Но Васька их узнал. Светлое платье выдало соседку Нинку. А уж то, что с ней гуляет Петька Калёнов, ему было известно давно. Ему хорошо - шестнадцатый год пошел. Можно с девками гулять, хотя Нинка его старше лет на десять. Топот убегавшей пары заставил встрепенуться соседского Полкана. Он глухо залаял, показывая хозяевам, что добросовестно охраняет их немудреное добро. И через мгновение лаяли уже все деревенские собаки. Васька вышел далеко за деревню, уже подходил к Опаринскому пруду, а лай то затихал, то возрождался заливисто и многоголосо.
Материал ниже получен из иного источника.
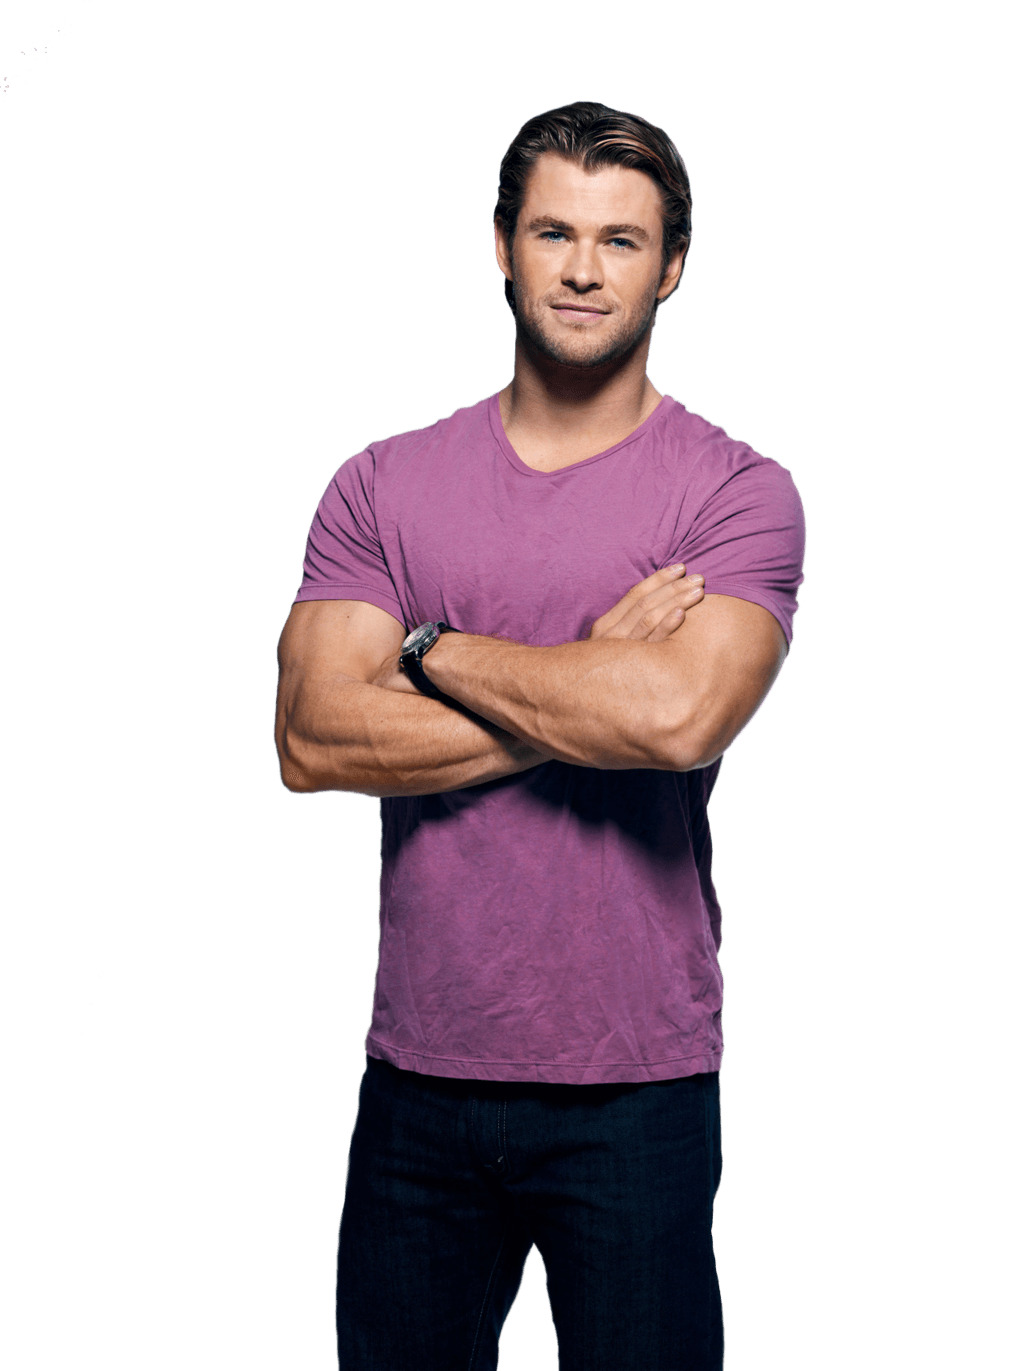 Chris Hemsworth Purple Tshirt png icons

Мимо пруда ночью один Васька ходить боялся. Правда, случалось ему тут бывать, когда он с ребятишками пас лошадей в ночном, но именно тогда от них и услышал, что в пруду по ночам купаются русалки. И ещё, бывает, Софья-утопленница выходит на берег. Поднимет к небу руки и жалобно стонет: «Расстреляйте меня! Не хочу иметь ничего общего с партией палачей!» Могила Софьи на той стороне пруда бурьяном заросла. Никто за ней не ухаживает. Врагом народа была эта Софья, хотя и учила деревенских ребятишек грамоте.
«Расстреляйте!» Расстреляли бы, кабы сама не утопилась. В деревне всех врагов народа под корень извели. Сколько порушенных домов стоит! То один фундамент каменный, то лишь ворота. Но Васька всего этого не видел. А отец у него сам мироедов раскулачивал. И на войну добровольцем пошел. Когда бы повестка пришла, а он уж раненый. С простреленным плечом не повоюешь. Жаль только, что домой придет без винтовки. Было бы ружье, он бы этого дезертира мигом пристрелил. Подкрался бы поближе: «Стой! Руки вверх!» Посмотрел бы я на этого Ваню-в-сарафане.
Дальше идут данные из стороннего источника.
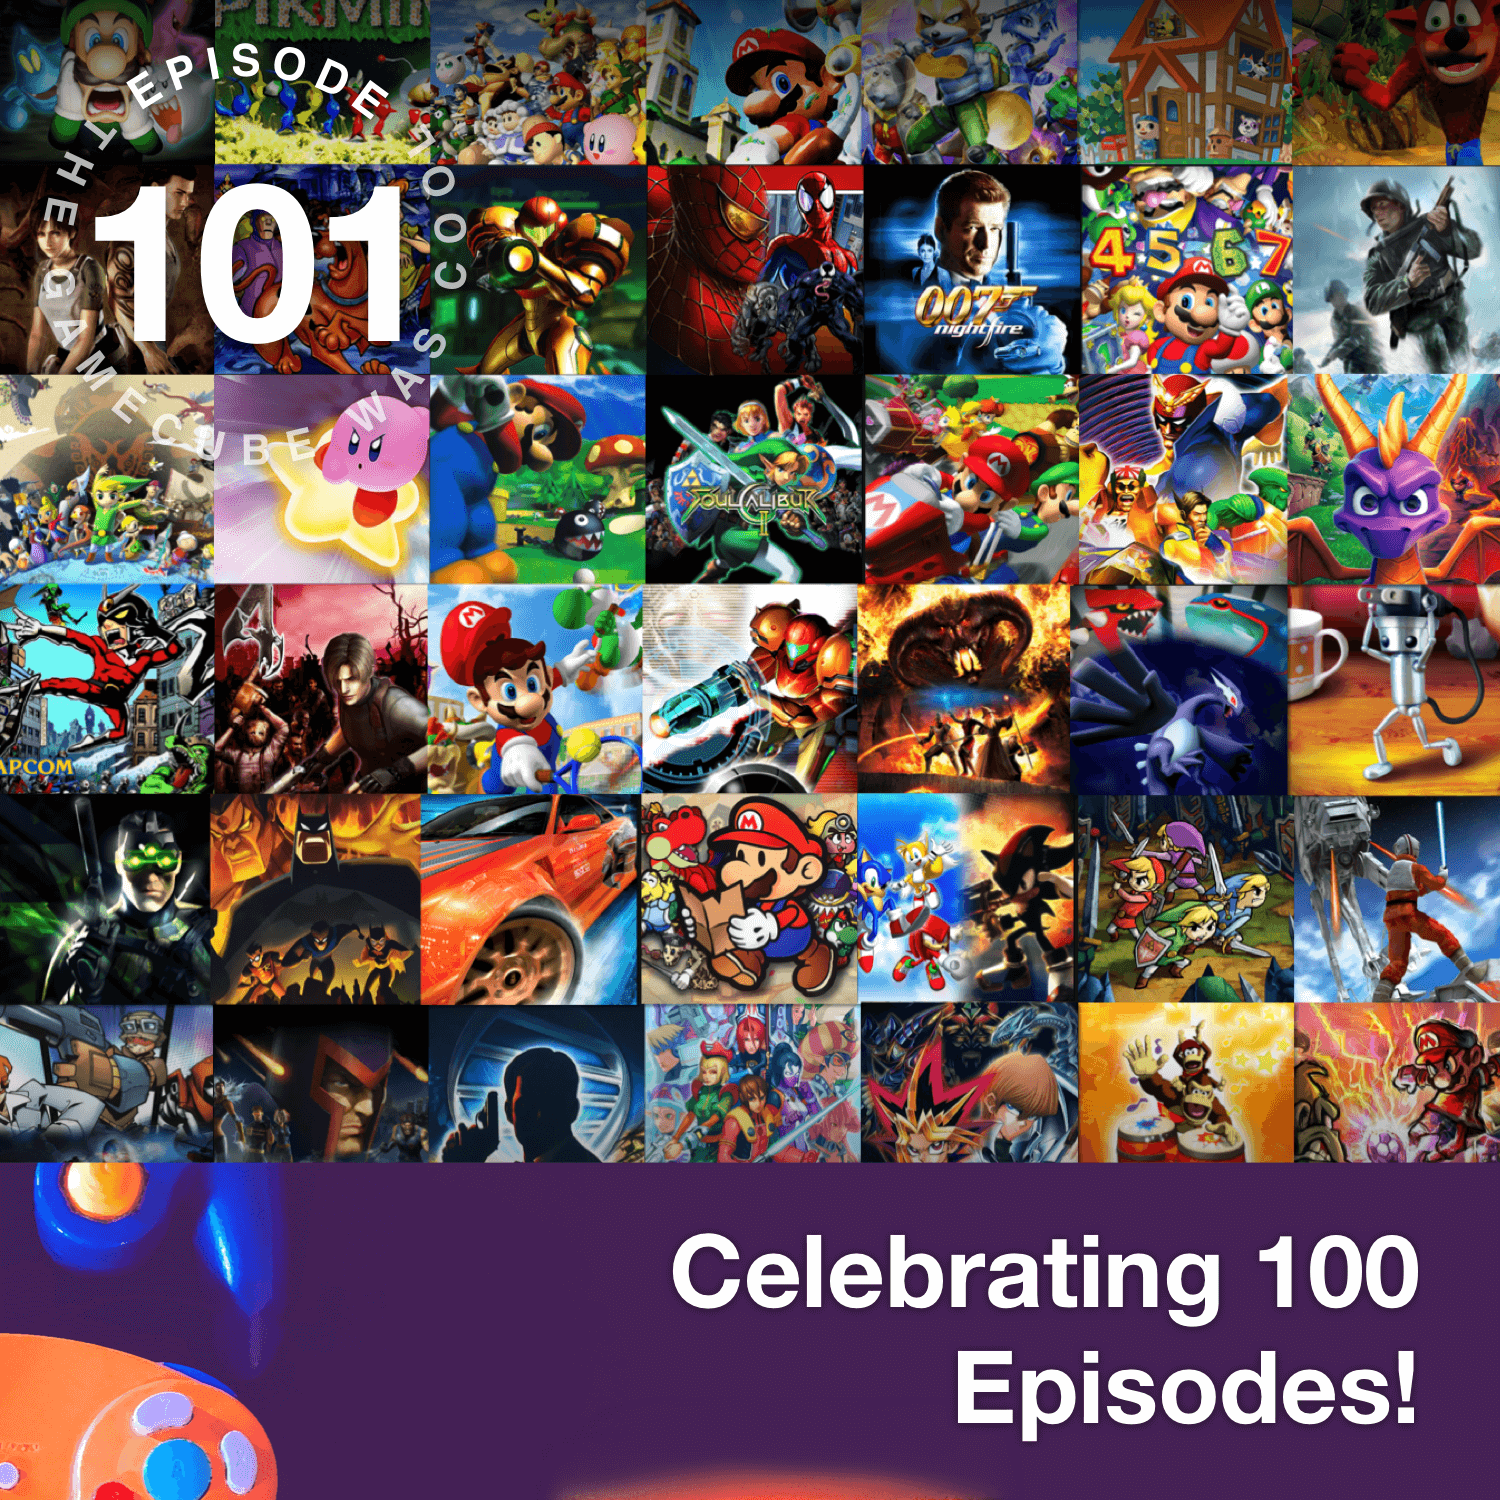 Celebrating 100 Episodes!

Вот уж и пруд позади. Ни русалок, ни Софьи не встретилось. Они, наверное, только в лунную ночь выходят, а нынче - хоть глаз коли. И через орешник Васька продрался целым и невредимым. С прижатой к груди бутылкой. Выйдя на простор, он увидел впереди красную точку костра и неожиданно для себя вздохнул с облегчением. Наконец-то позади этот долгий одинокий путь. Позади страхи, тревожные шорохи в кустах, пугающие всплески волн в прибрежных камышах. Тут хоть какой-никакой, а всё же человек. Сейчас Васька отдаст ему самогонку, возьмет Красулю и отправится обратно. С коровой не страшно.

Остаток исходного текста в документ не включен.